Dataset section |
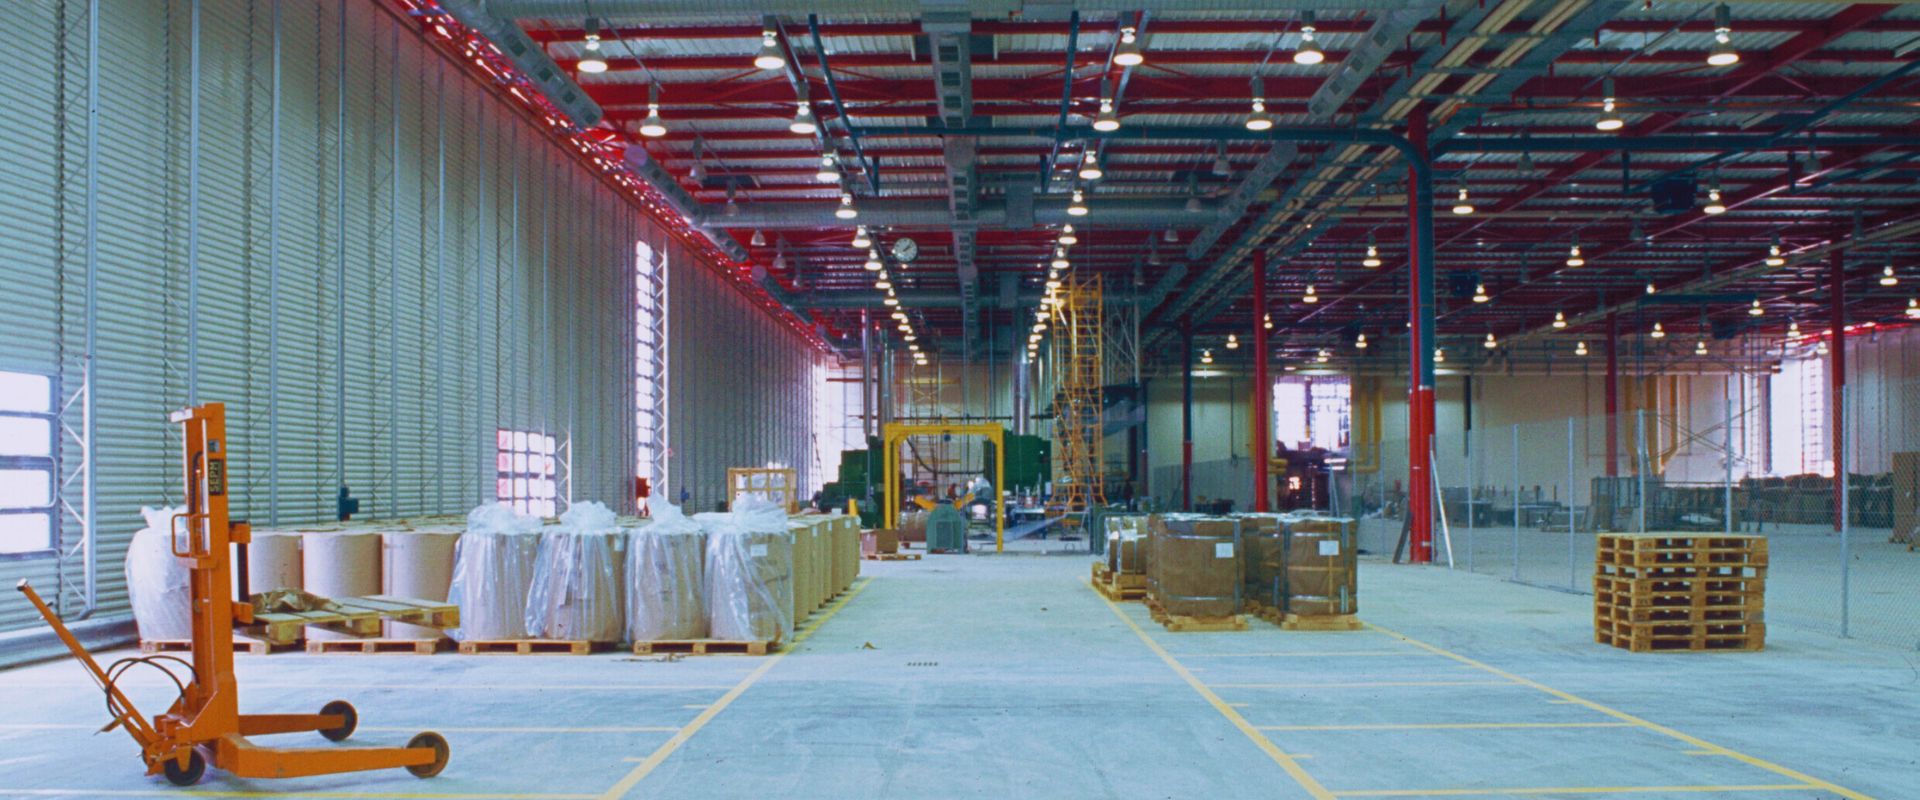 Oxytech Fire Safety Systems: Protecting Your Warehouse from Fire
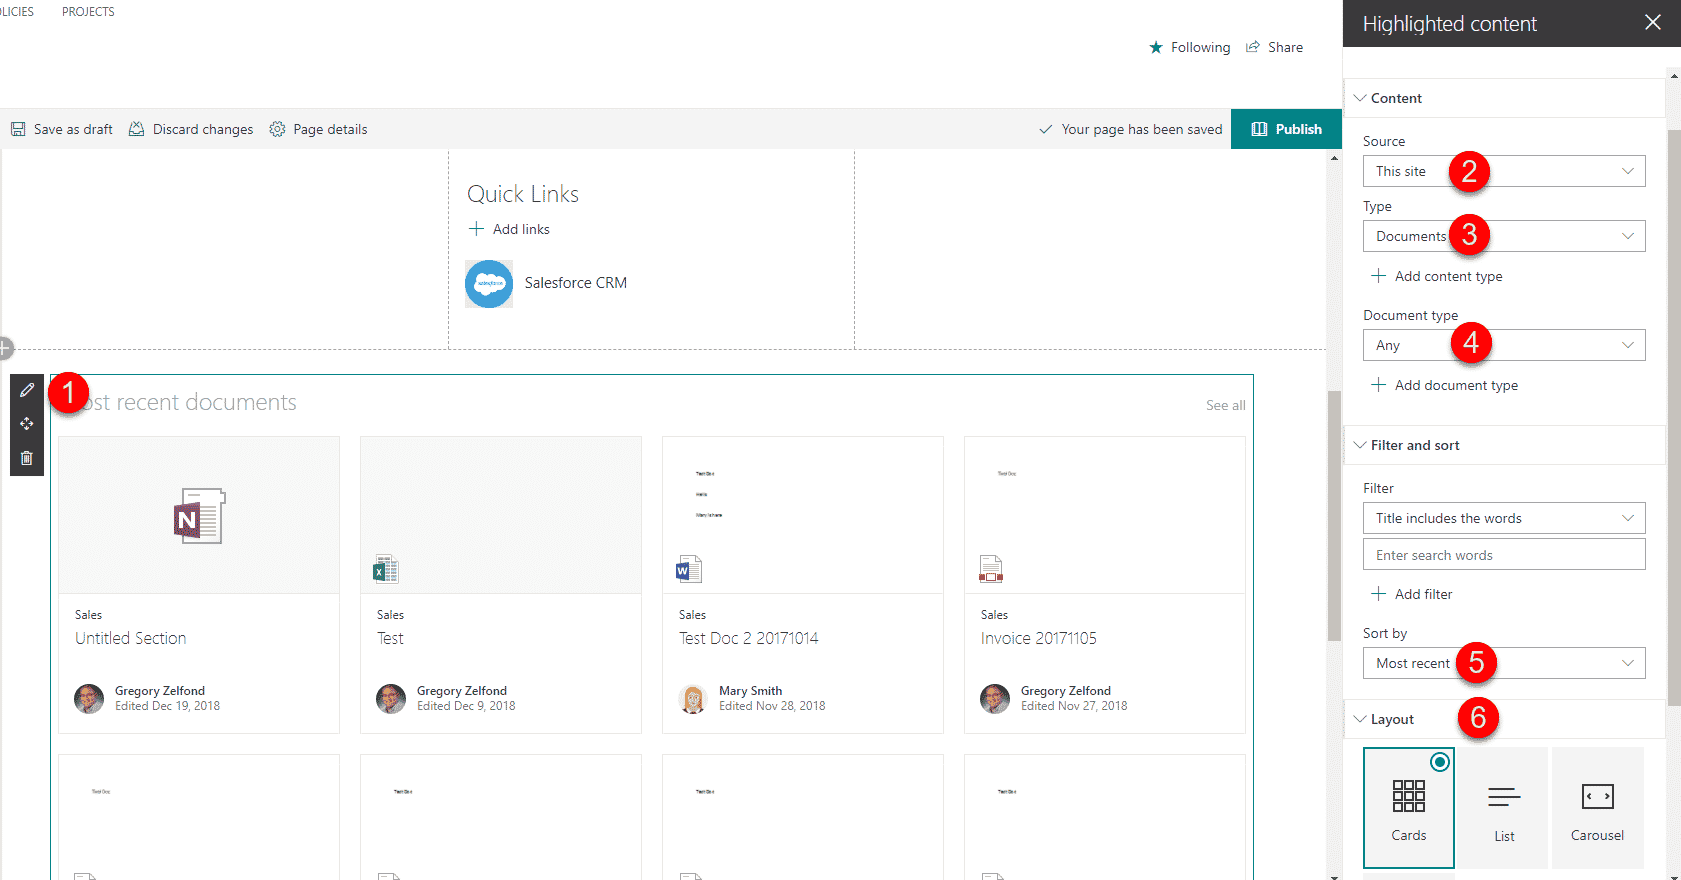 recently modified documents on a SharePoint site
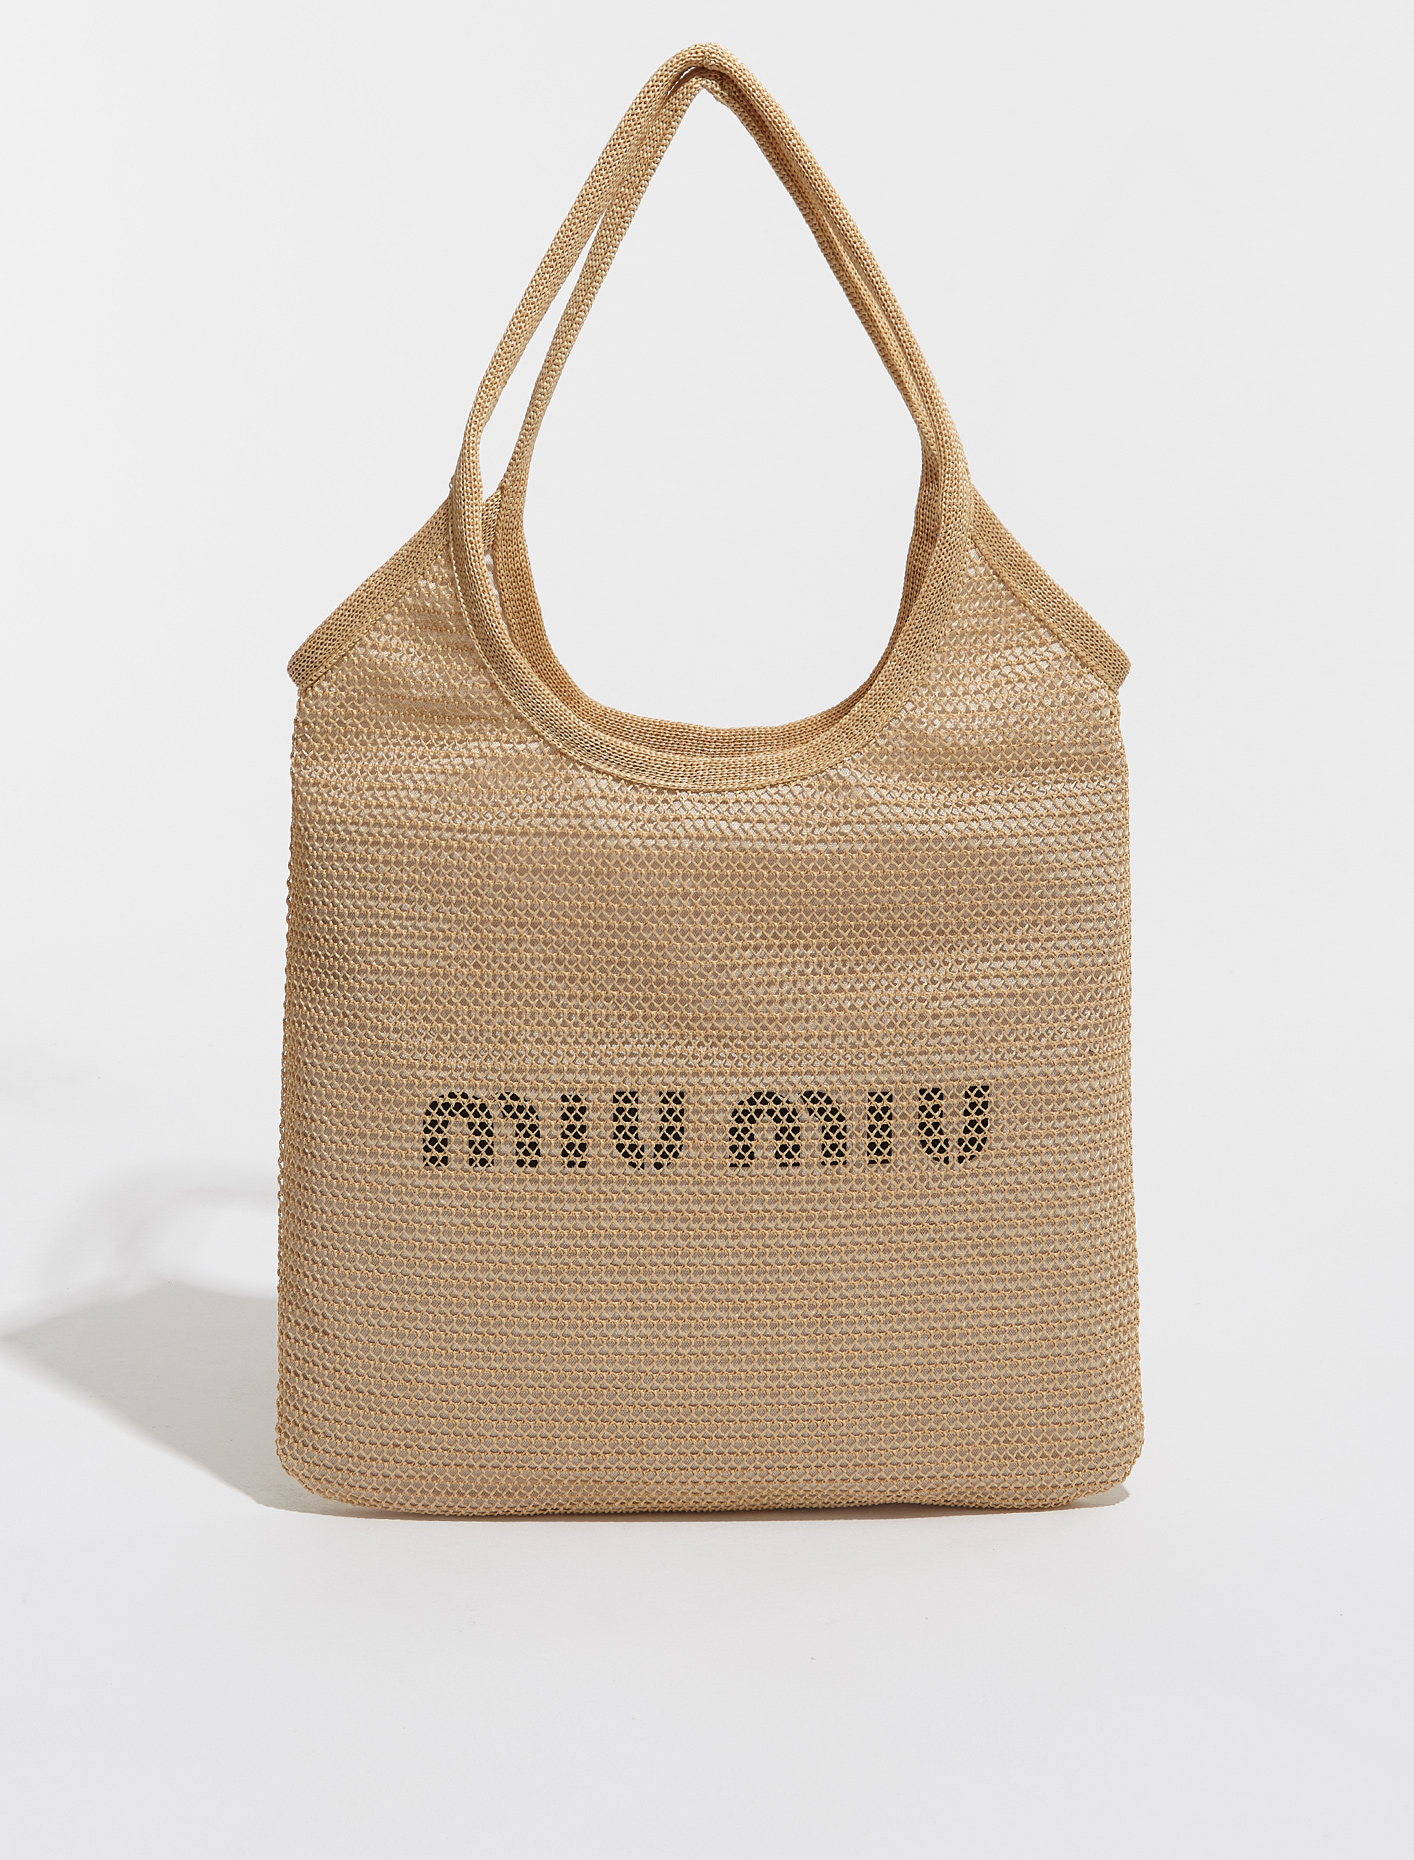 Raffia and Linen Tote Bag in Natural
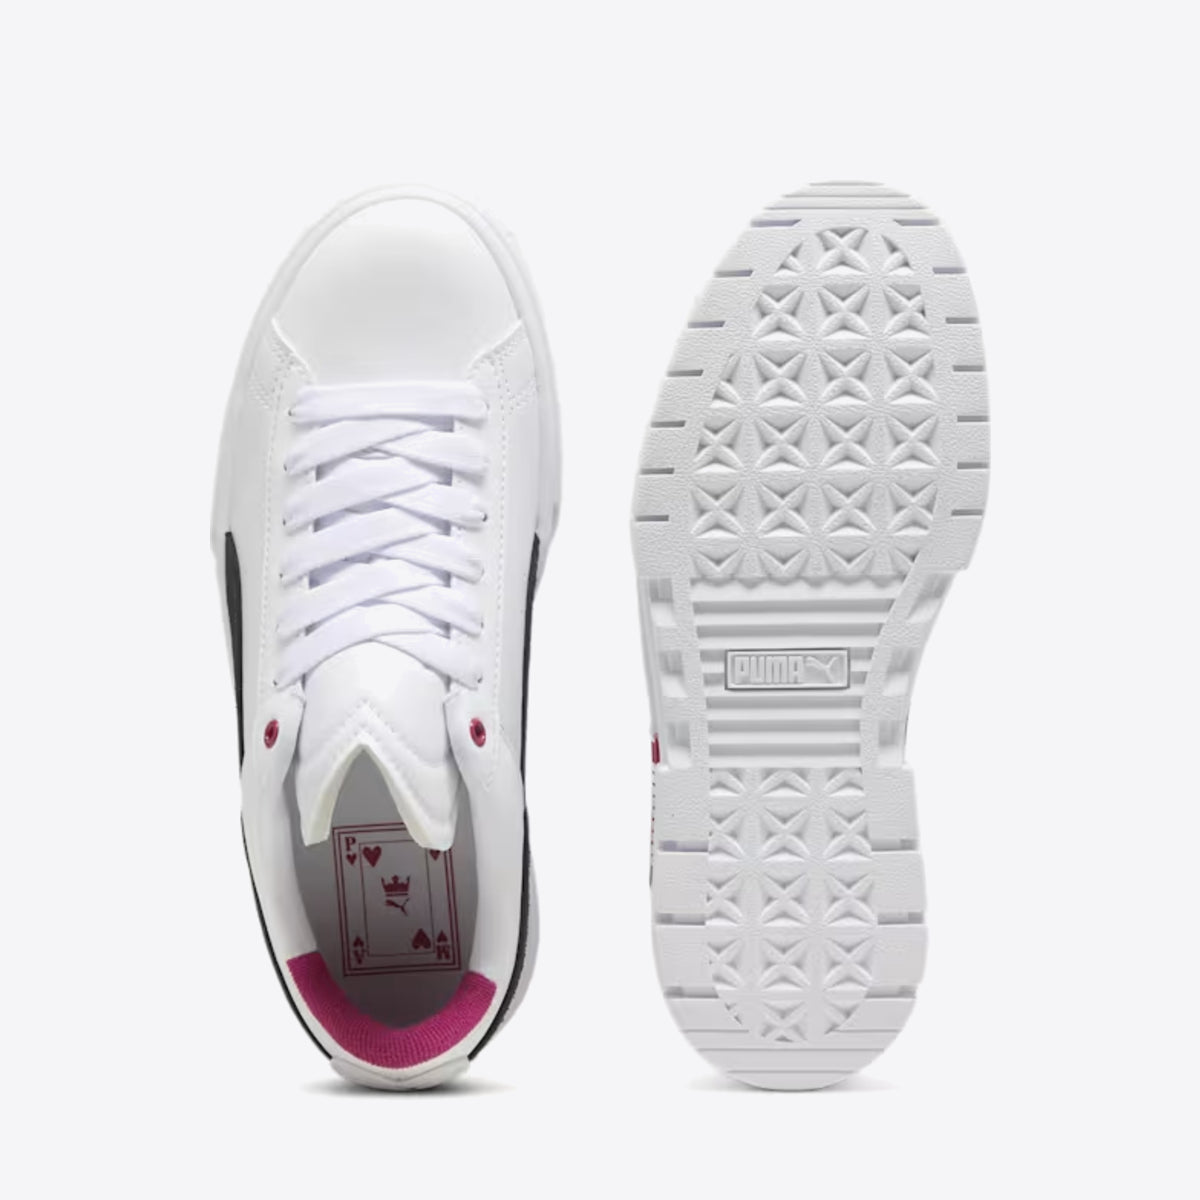 PUMA Mayze Queen of Hearts White/Black/Pink - Image 7

What you need to do |
Hand back exactly the lines from the one with "recently modified documents" through the last line of the data above, both ends included, with every picture left out.

Answer section |
 recently modified documents on a SharePoint site
 Raffia and Linen Tote Bag in Natural
 PUMA Mayze Queen of Hearts White/Black/Pink - Image 7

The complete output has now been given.